[Instructions for the task]: Your answer should hold the data exactly as given, minus any picture.

[Data shown]:
────────────────────────────────────────
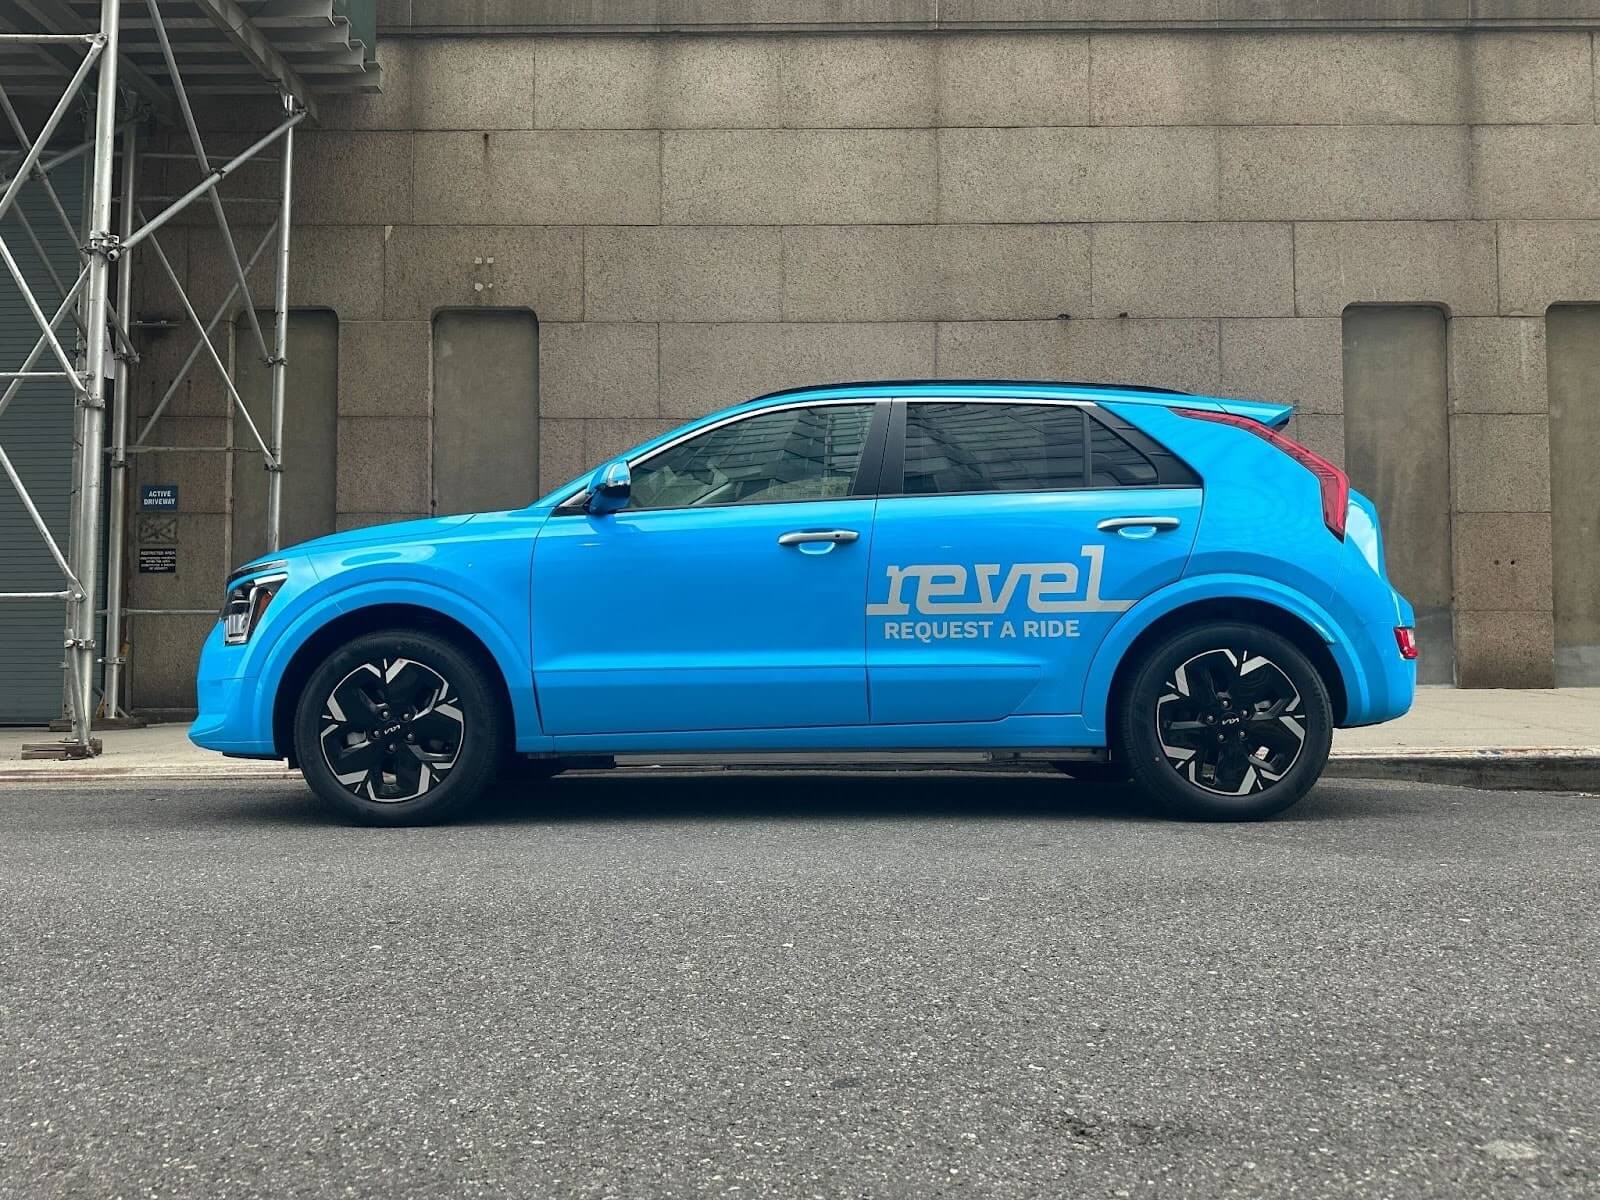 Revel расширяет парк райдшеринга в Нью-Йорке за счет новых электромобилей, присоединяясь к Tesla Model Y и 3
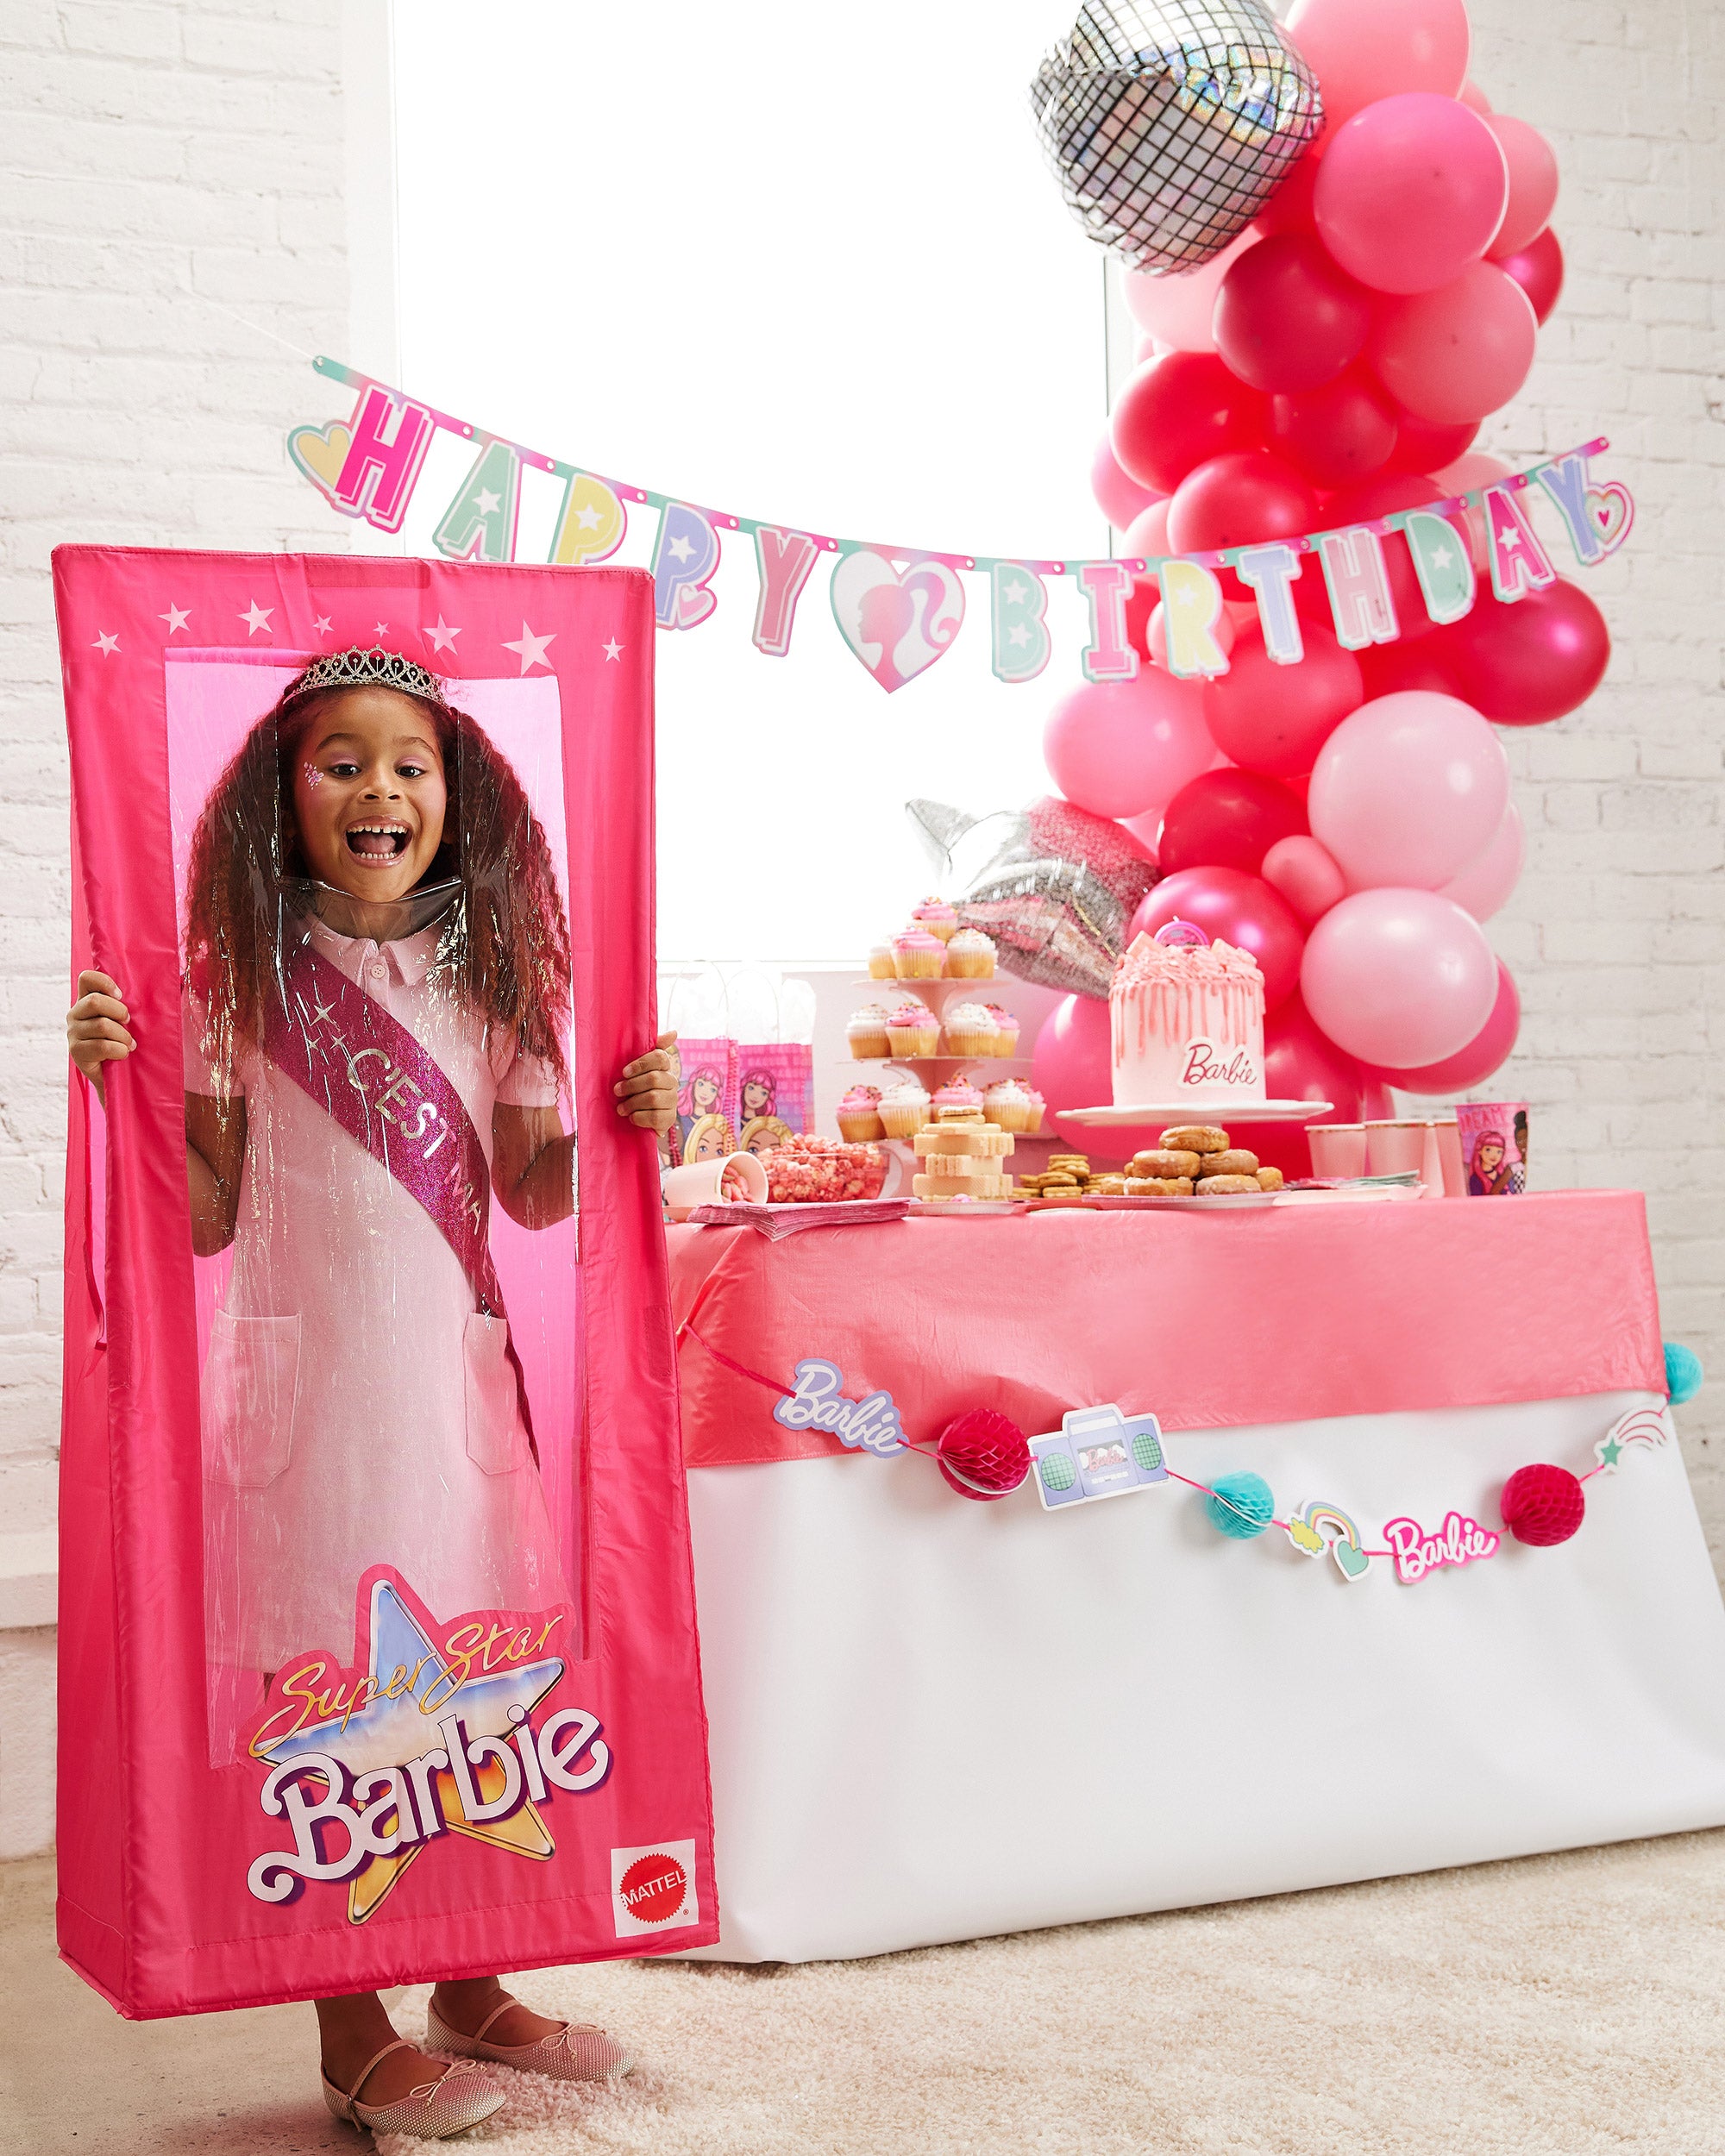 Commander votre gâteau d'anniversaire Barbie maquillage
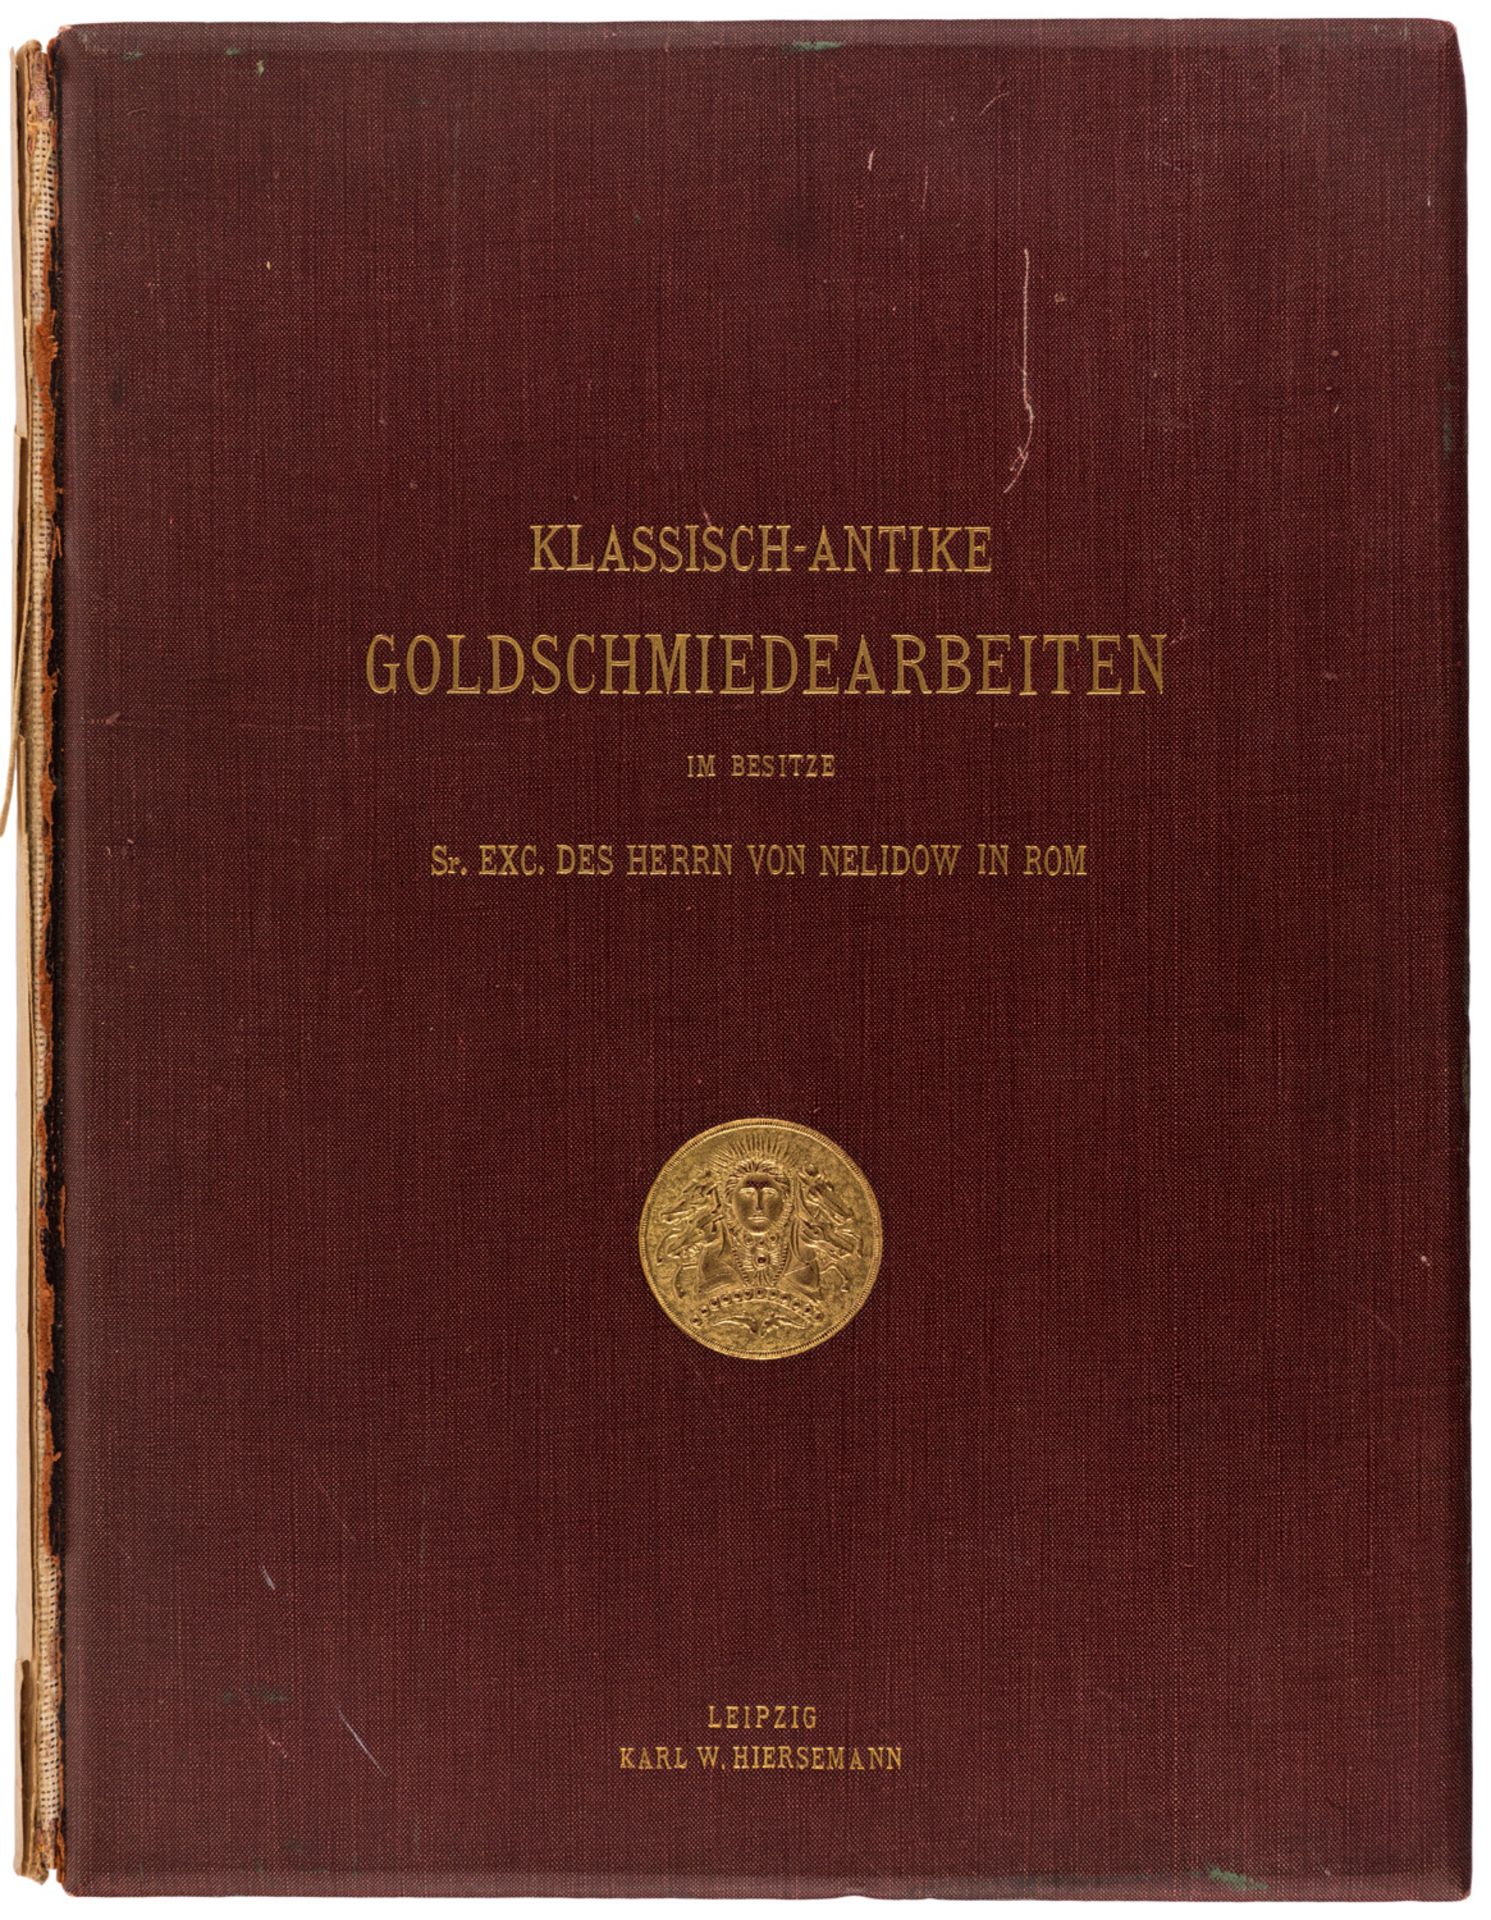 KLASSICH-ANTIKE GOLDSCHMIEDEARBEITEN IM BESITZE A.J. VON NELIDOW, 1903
────────────────────────────────────────
[Response below]:
 Revel расширяет парк райдшеринга в Нью-Йорке за счет новых электромобилей, присоединяясь к Tesla Model Y и 3
 Commander votre gâteau d'anniversaire Barbie maquillage
 KLASSICH-ANTIKE GOLDSCHMIEDEARBEITEN IM BESITZE A.J. VON NELIDOW, 1903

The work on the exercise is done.